Input Replay for Complex Scenarios
Some bugs are triggered by a specific sequence of inputs that is difficult to describe in text. Fighting game combos, precise movement sequences, or rapid menu navigation can all trigger edge cases that are nearly impossible to reproduce from written steps alone. Input replay systems solve this problem by recording every input event with its timestamp and allowing exact playback.
An input replay recording captures every key press, mouse movement, and controller input at the frame level. When a developer loads the recording, the game plays back the exact same inputs and ideally produces the exact same result. This is the gold standard for bug reproduction because it eliminates all human variability from the process.

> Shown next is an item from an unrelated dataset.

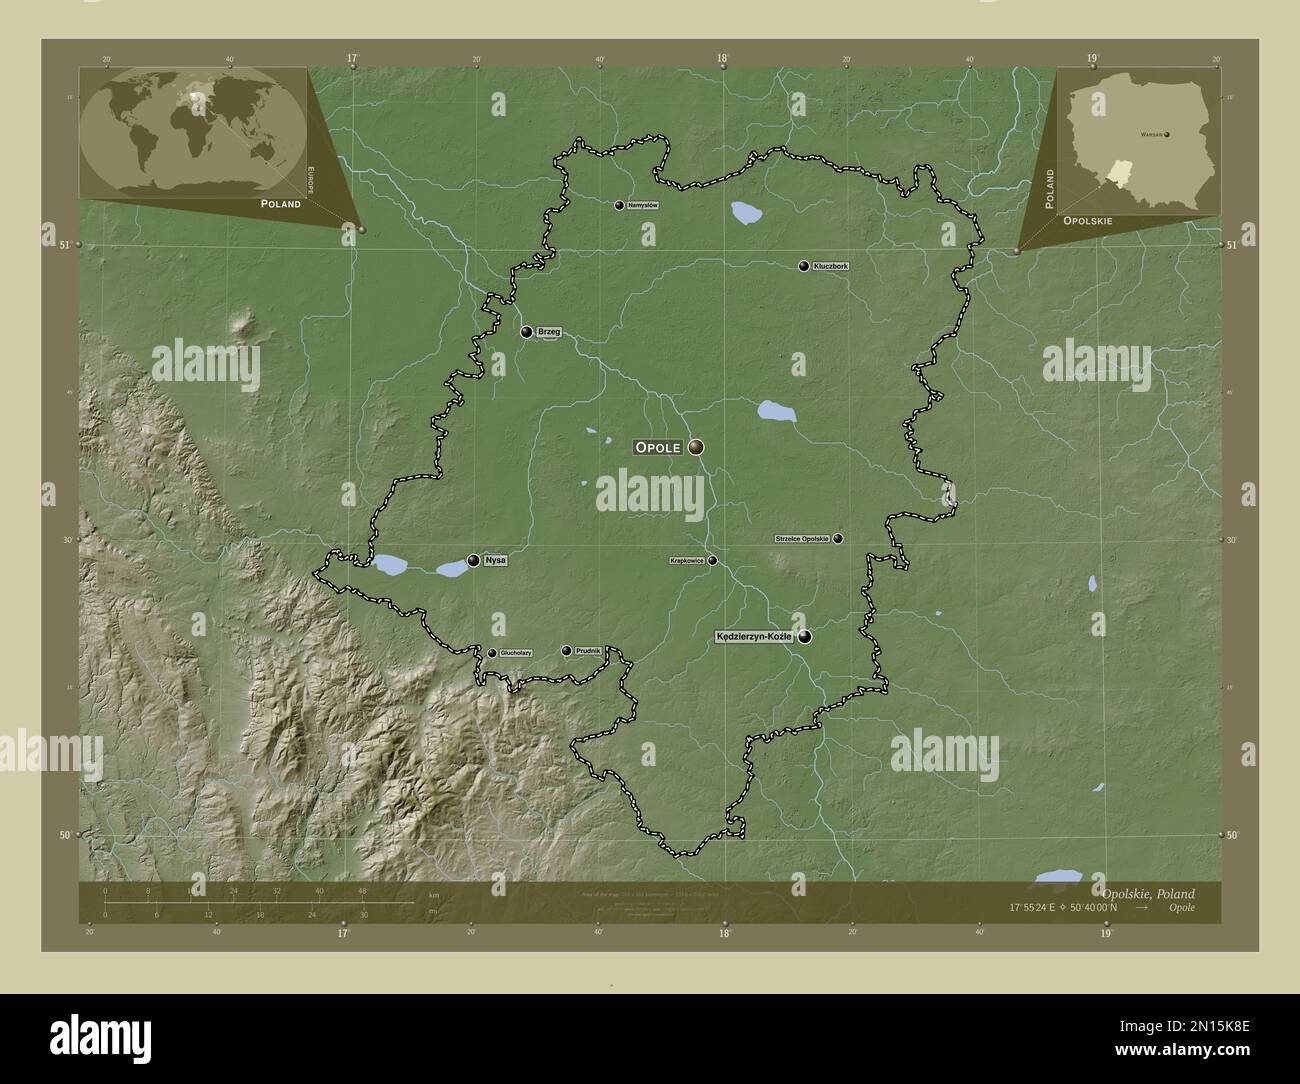 Opolskie, voïvodie|province de Pologne. Carte d'altitude colorée en style wiki avec lacs et rivières. Lieux et noms des principales villes de la région Banque D'Images
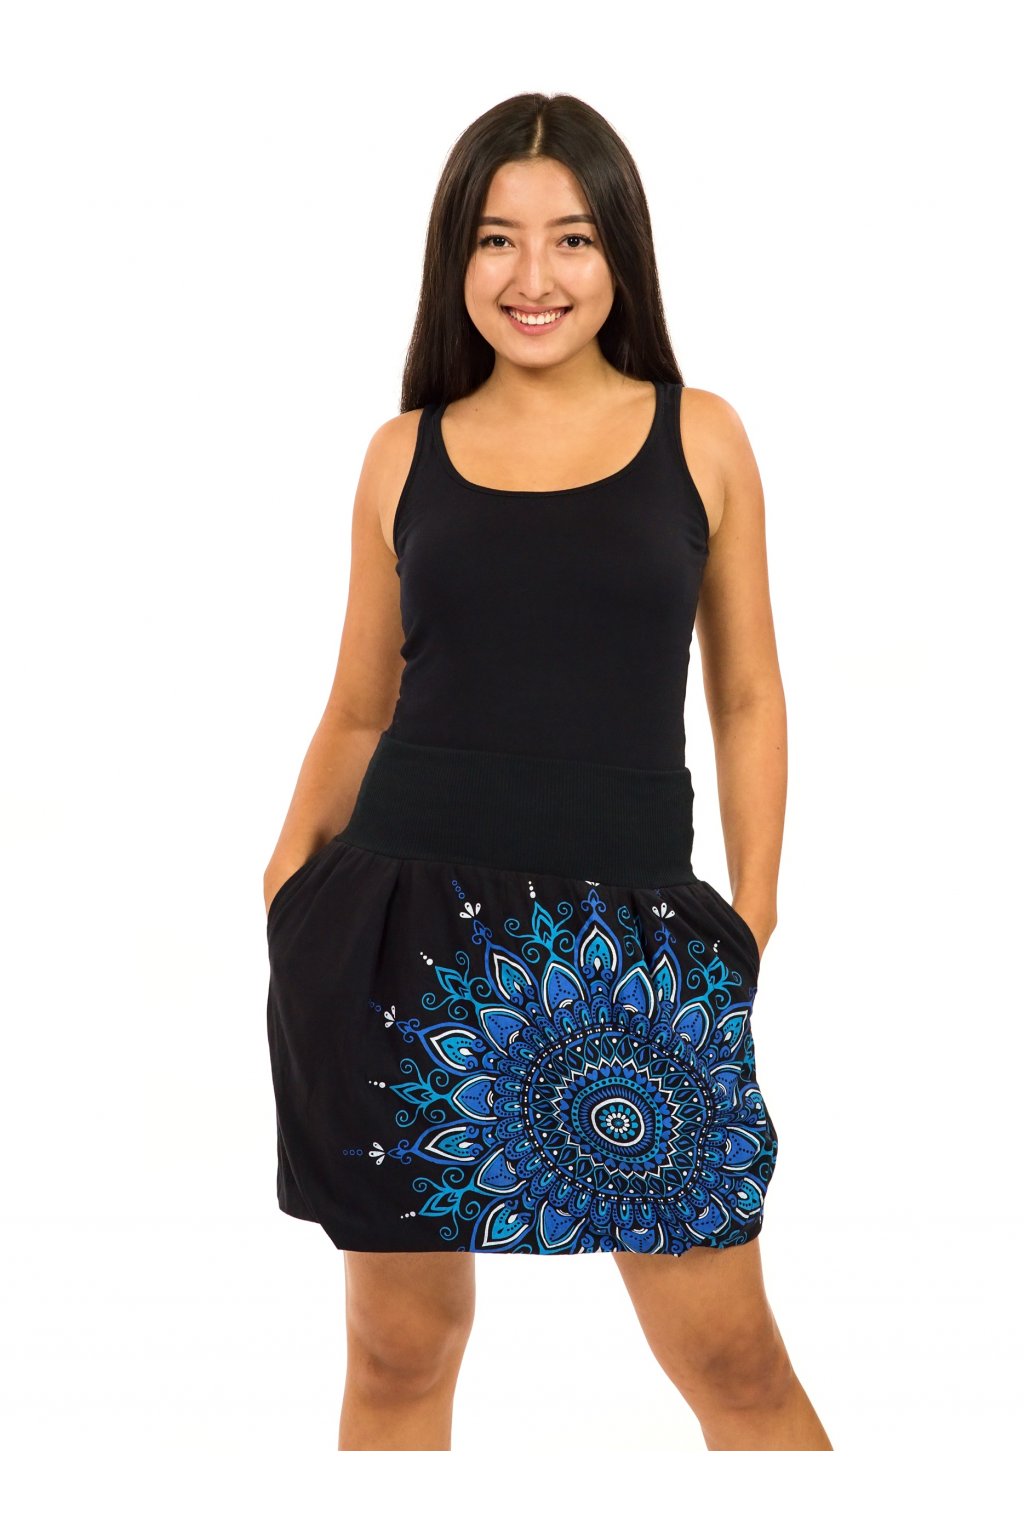 Balonová sukně Mokulea - černá s modrou

Building a full input replay system is a significant engineering investment, but even a simplified version that records just the key inputs (button presses and their frame numbers, without analog stick positions) can be useful for many types of bugs. Some engines and frameworks provide replay recording as a built-in feature; check your engine’s documentation before building one from scratch.
“We added a ten-second input replay buffer that saves automatically with every bug report. The number of cannot-reproduce closures dropped by 60 percent in the first month. Turns out, most of our hard-to-reproduce bugs were just hard to describe.”
Handling Intermittent Bugs
Not every bug can be reproduced on demand. Intermittent bugs — those that occur sometimes but not always under the same conditions — require a different reporting approach. Instead of providing exact steps, focus on providing probability and conditions.
Report the frequency: “This occurs approximately 1 in 5 attempts.” Report the conditions you tested under: “I tested in the cave area with 10+ enemies spawned, at 30 FPS on a GTX 1060.” Report any patterns you noticed: “It seems to happen more often when there are many particle effects active.” And report the total attempts: “I tried 20 times and saw the bug 4 times.”
This information helps the developer estimate how much testing time they need to allocate for reproduction and gives them clues about the underlying cause. A bug that correlates with high entity counts suggests a race condition or memory issue. A bug that correlates with low frame rate suggests a timing-dependent code path.
Related Issues
For the mechanics of writing clear reproduction steps, see how to write good bug reports for game development. If you are dealing with bugs you cannot reproduce at all, our guide on remote debugging game issues you cannot reproduce covers techniques for investigating from logs and telemetry. For playtester-focused guidance, read bug reporting etiquette for game playtesters.
Before submitting a bug report, try to reproduce the bug yourself one more time following only the steps you wrote down. If you cannot reproduce it from your own instructions, the developer will not be able to either.